Song by Beyoncé

from the album 4
- Recorded: 2011
- Studio: MSR, New York City; Jungle City, New York City;
- Genre: Pop • R&B
- Length: 3:19
- Label: Columbia
- Songwriters: Shea Taylor; Beyoncé Knowles; Ester Dean;
- Producers: Taylor; Knowles;

= Start Over (Beyoncé song) =

"Start Over" is a song recorded by the American singer Beyoncé from her fourth studio album, 4 (2011). It was written by Shea Taylor, Beyoncé Knowles and Ester Dean and produced by Taylor and Knowles. The song's development was motivated by the fact that Knowles traveled around the world and experienced different cultures which inspired love and purity inside her. A mid-tempo pop, pop rock and soul-influenced R&B ballad, "Start Over" finds the female protagonist affirming her individuality and expressing her love for a man with whom she attempts to start a relationship all over again. Knowles' vocals are accompanied by electric and enticing beats; the song's instrumentation includes drums and synthesizers.
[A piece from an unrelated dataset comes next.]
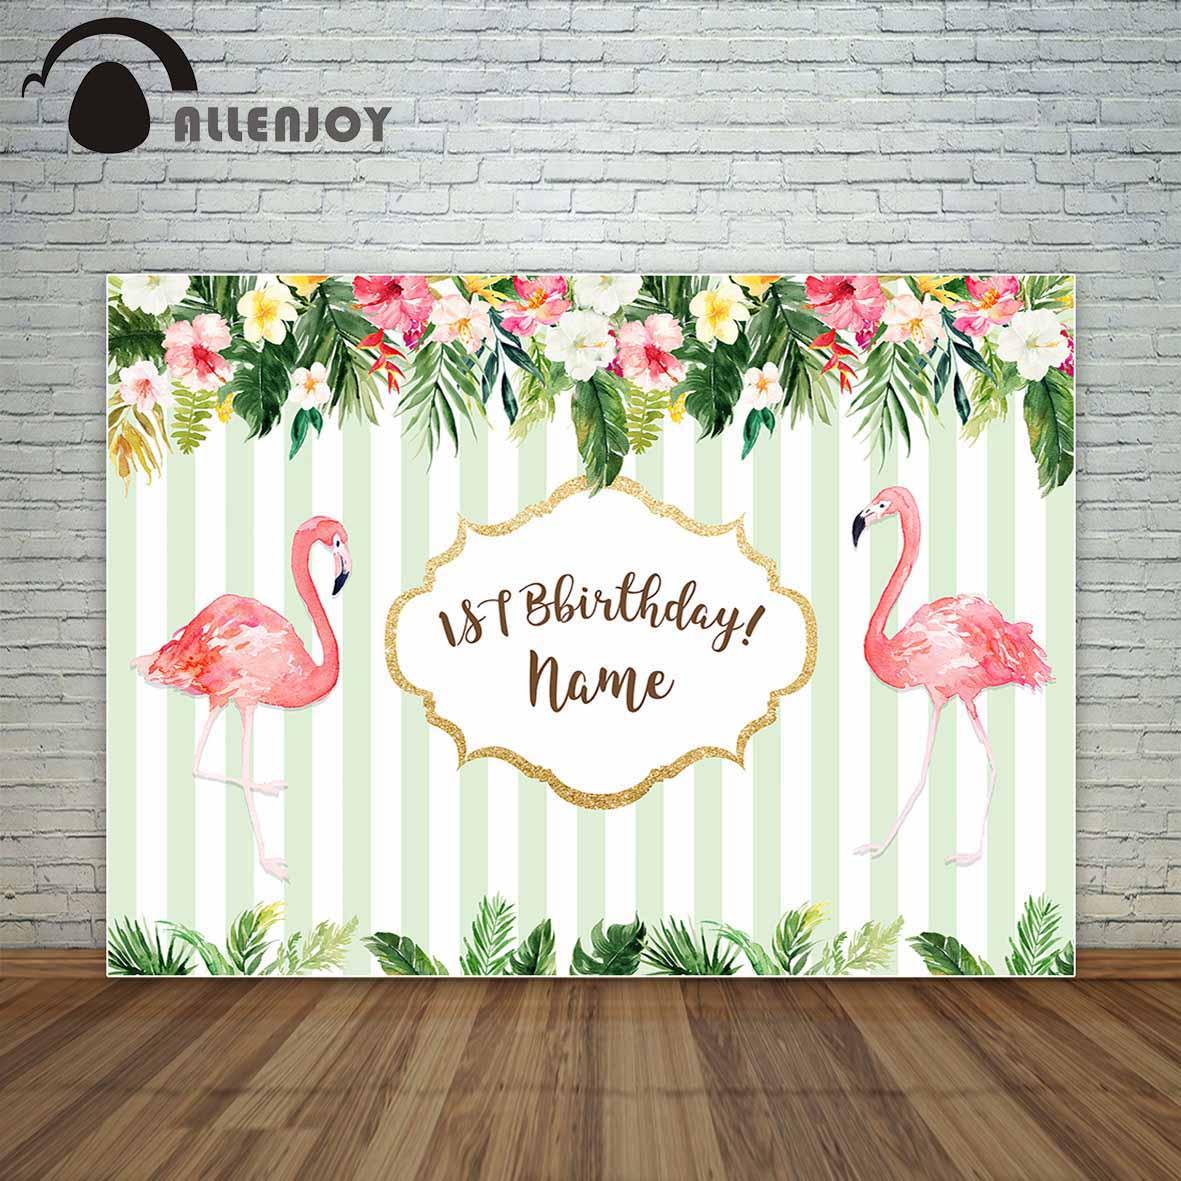 Allenjoy birthday custom backdrop flamingo tropical theme background flowers white and green stripes photography backdrops 3 5m vinyl custom photography backdrops prop indoor theme studio background gc 4272

"Start Over" received mixed to positive reviews from music critics, who noted that the song was quite similar to Knowles' older material. The placement of the song on the track-listing was criticized by critics, who thought that it made "Start Over" barely distinguishable. However, the beats arrangement and the vulnerability of Knowles' vocals were highlighted by many critics. Following the release of 4, "Start Over" charted at number 43 on the South Korea Gaon International Chart based on downloads alone.

==Conception==
"Start Over" was written by Shea Taylor, Knowles and Ester Dean and produced by the Knowles and Taylor. It was recorded at MSR Studios and Jungle City Studios in New York City. "Start Over" was mixed by Serban Ghenea with further assistance from Phil Seaford and it was engineered by John Hanes with further assistance from Ramon Rivas and Pete Wolford. Beginning on June 16 to June 27, 2011, the songs from 4 were available to listen to in full each day on Knowles' official website, paired with its accompanying photo spread from the album packaging and an insightful quote. On June 22, 2011, "Start Over" was the fourth song to be chosen. The quote found Knowles elaborating on what motivated her to record a song like "Start Over": "For the first time in my life I was able to travel the world, hear different influences, see different types of dance and choreography and taste different types of food. It was important that I was able to digest everything: It inspired purity, more heart and more love."

==Composition==

===Music and lyrical content===

"Start Over" is a midtempo R&B ballad, which contains elements of pop, soul and "angst-ridden" pop rock and is built on hollow electric beats. The song's instrumentation consists of gleaming synthesizers, a piano, loud and echoing drums, and minimal percussion instrument. According to Amanda Hensel of Pop Crush, the arrangement of the synthesizers is reminiscent of the Destiny's Child era. Jenna Hally Rubenstein of MTV Buzzworthy compared the song with Knowles' own "1+1" (2011) from the same album. Andrew Unterberger of the website Popdust compared the song with Ryan Tedder-produced songs like Jordin Sparks' "Battlefield" and Kelly Clarkson's "Already Gone". Priya Elan of NME felt that the piano parts in "Start Over" were similar to songs by rock band Evanescence because of its processed drums and piano riffing.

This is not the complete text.